▶ [Your instructions]: Exactly as they appear below, repeat the lines from the one with "Logosimplificado En Plata" through the one with "Silber Ring mit". Drop every picture.
======== Available data ========
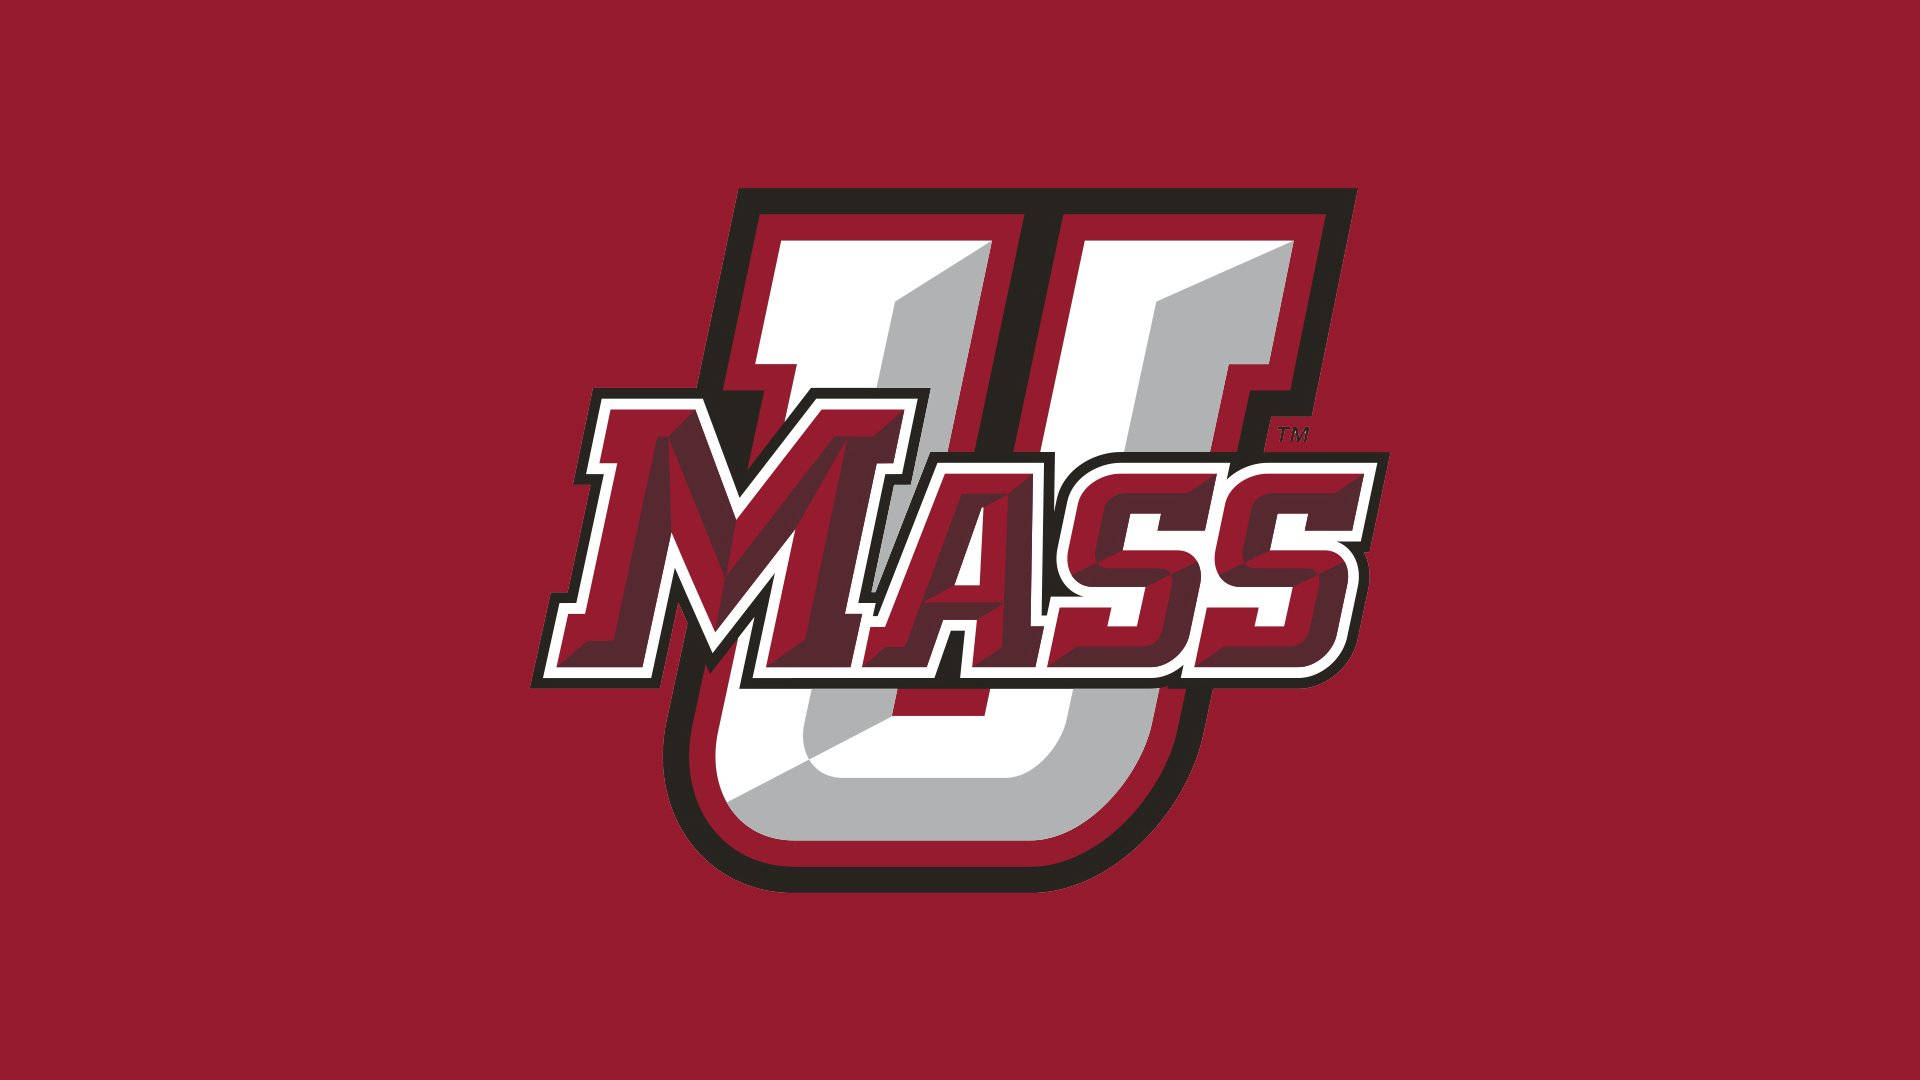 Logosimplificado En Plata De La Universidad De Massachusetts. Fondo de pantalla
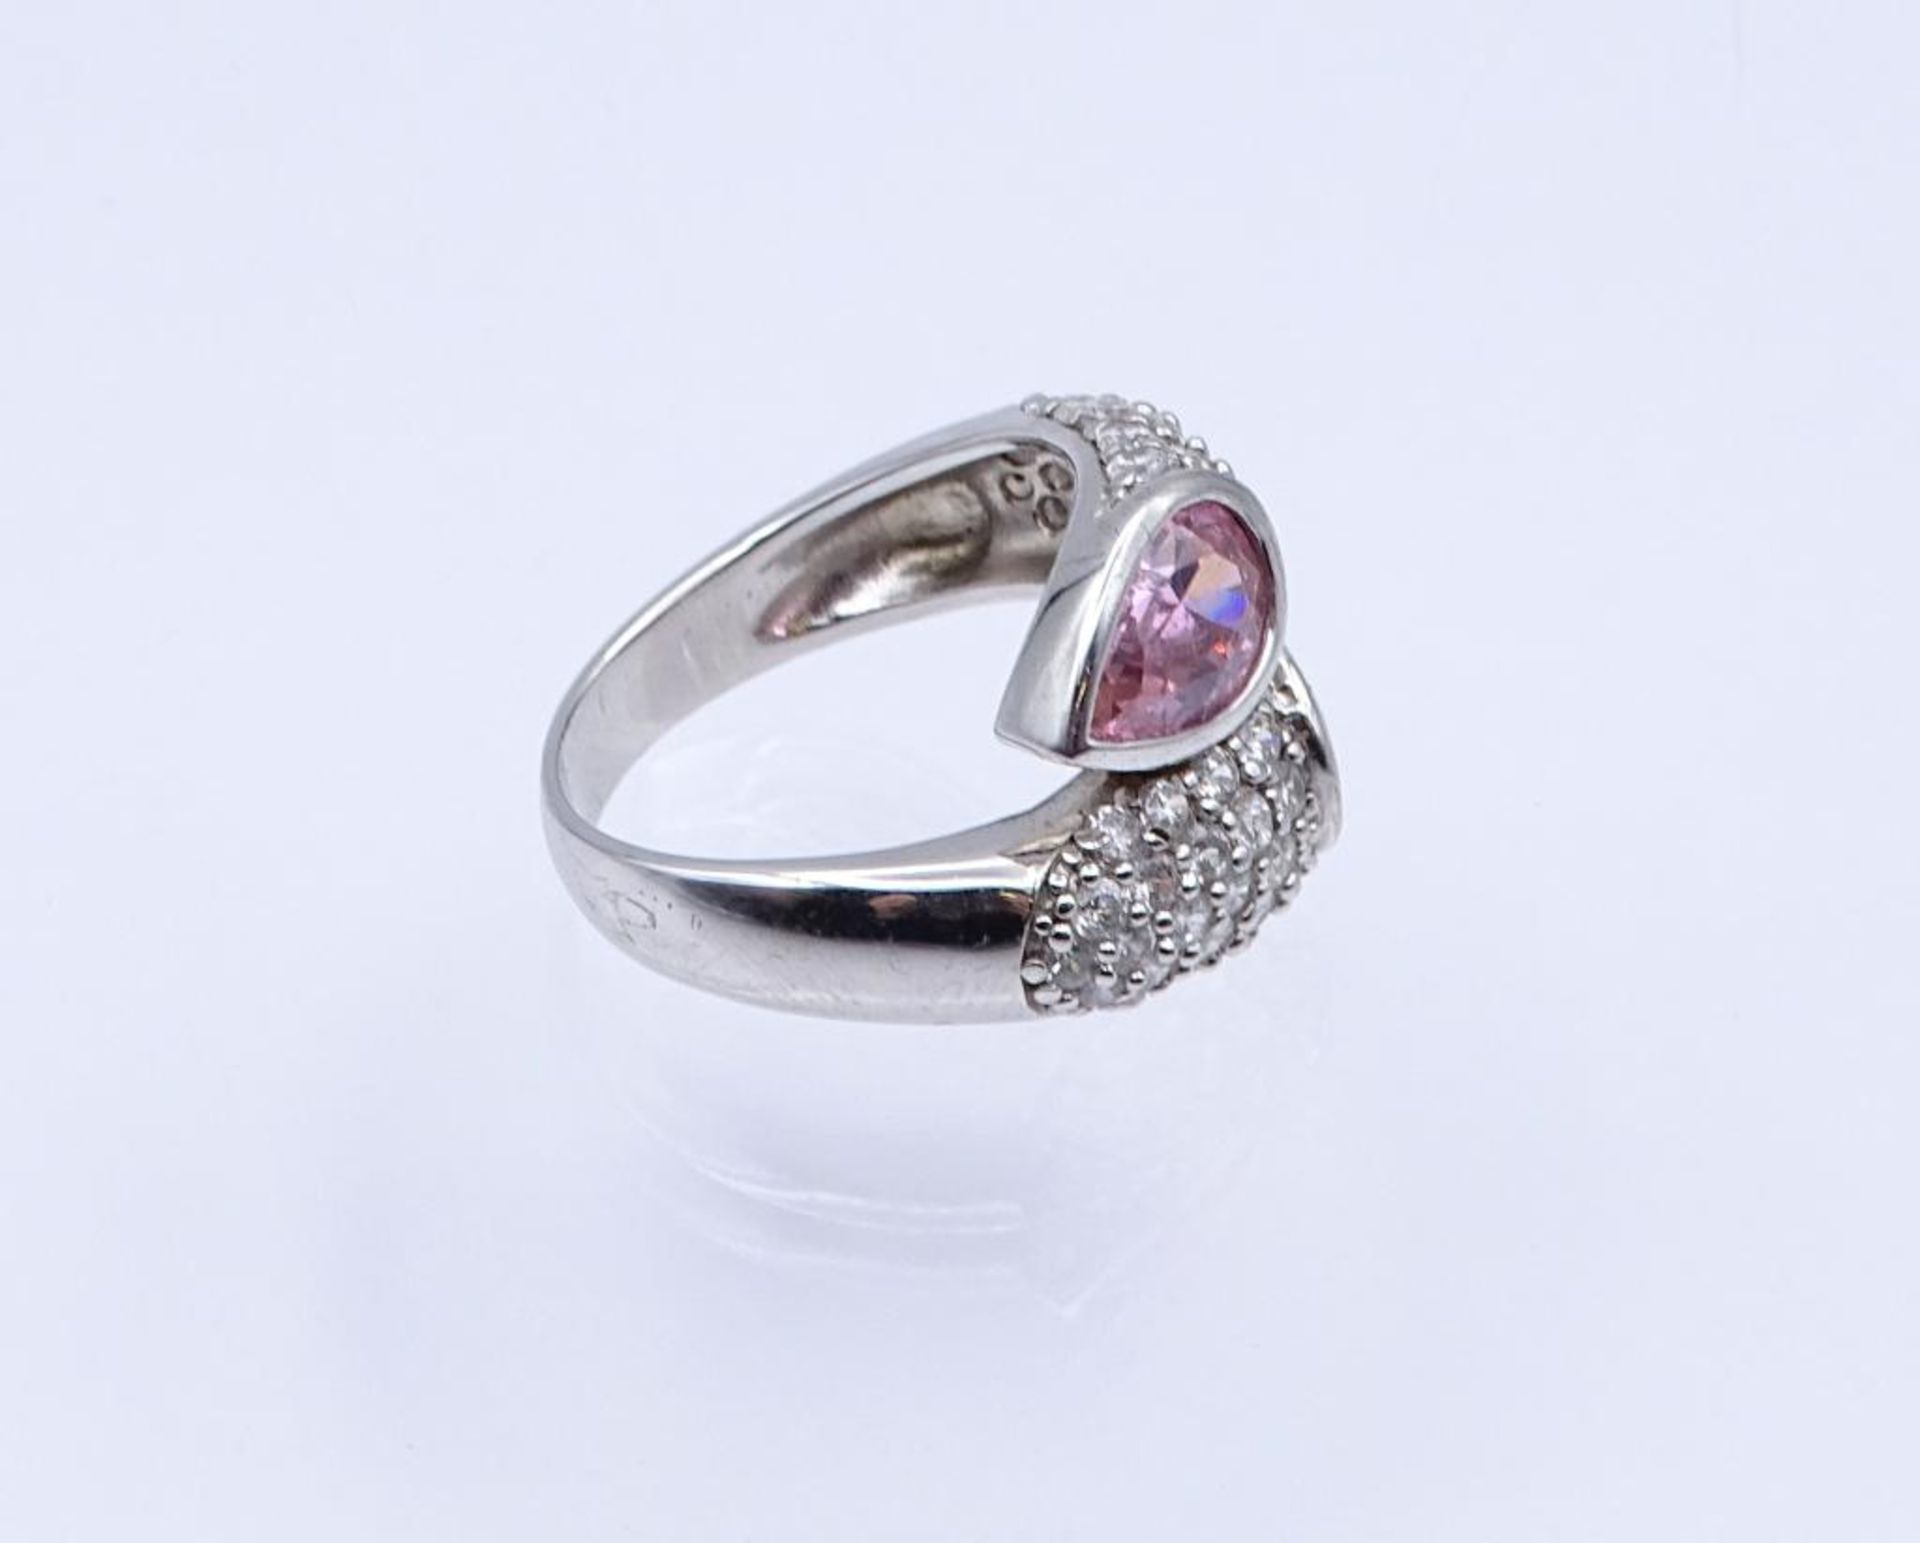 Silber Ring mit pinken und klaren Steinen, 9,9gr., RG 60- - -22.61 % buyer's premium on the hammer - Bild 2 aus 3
========
======== Available data ========
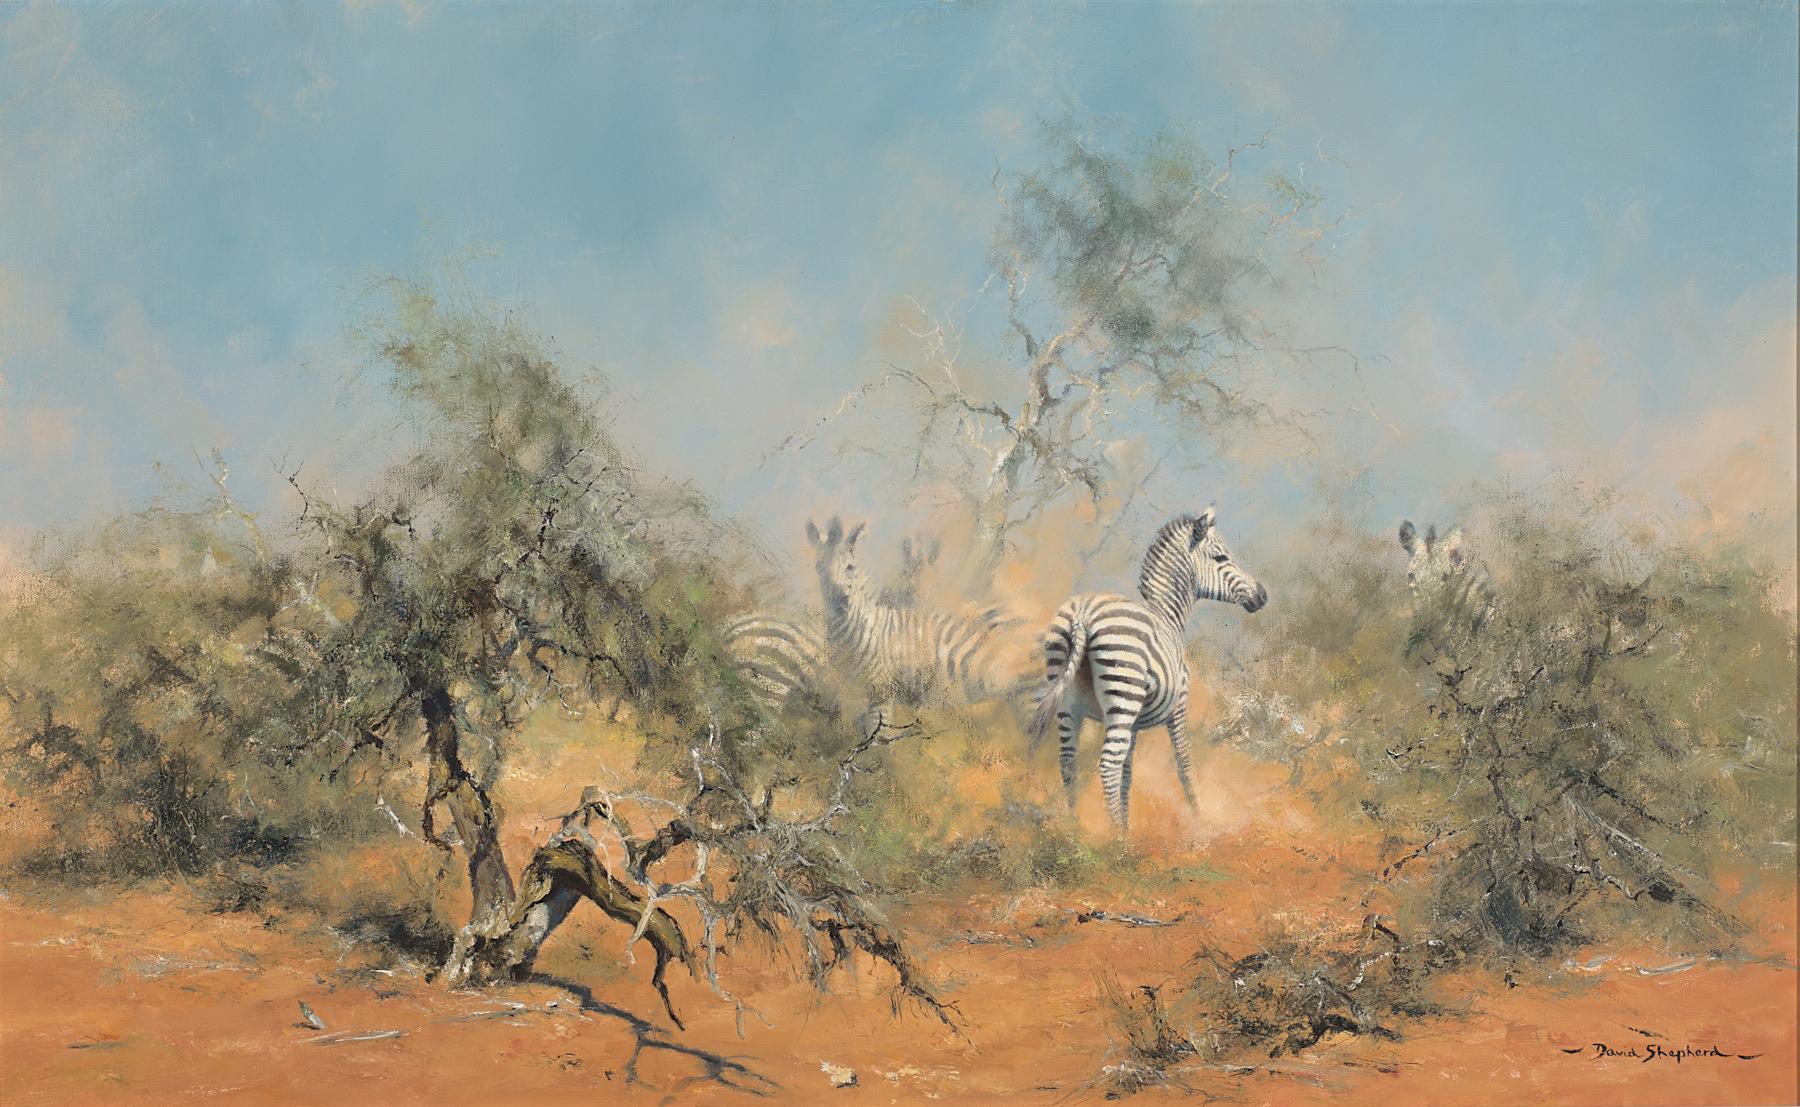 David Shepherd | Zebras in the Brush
========
▶ [Response to this task]:
 Logosimplificado En Plata De La Universidad De Massachusetts. Fondo de pantalla
 Silber Ring mit pinken und klaren Steinen, 9,9gr., RG 60- - -22.61 % buyer's premium on the hammer - Bild 2 aus 3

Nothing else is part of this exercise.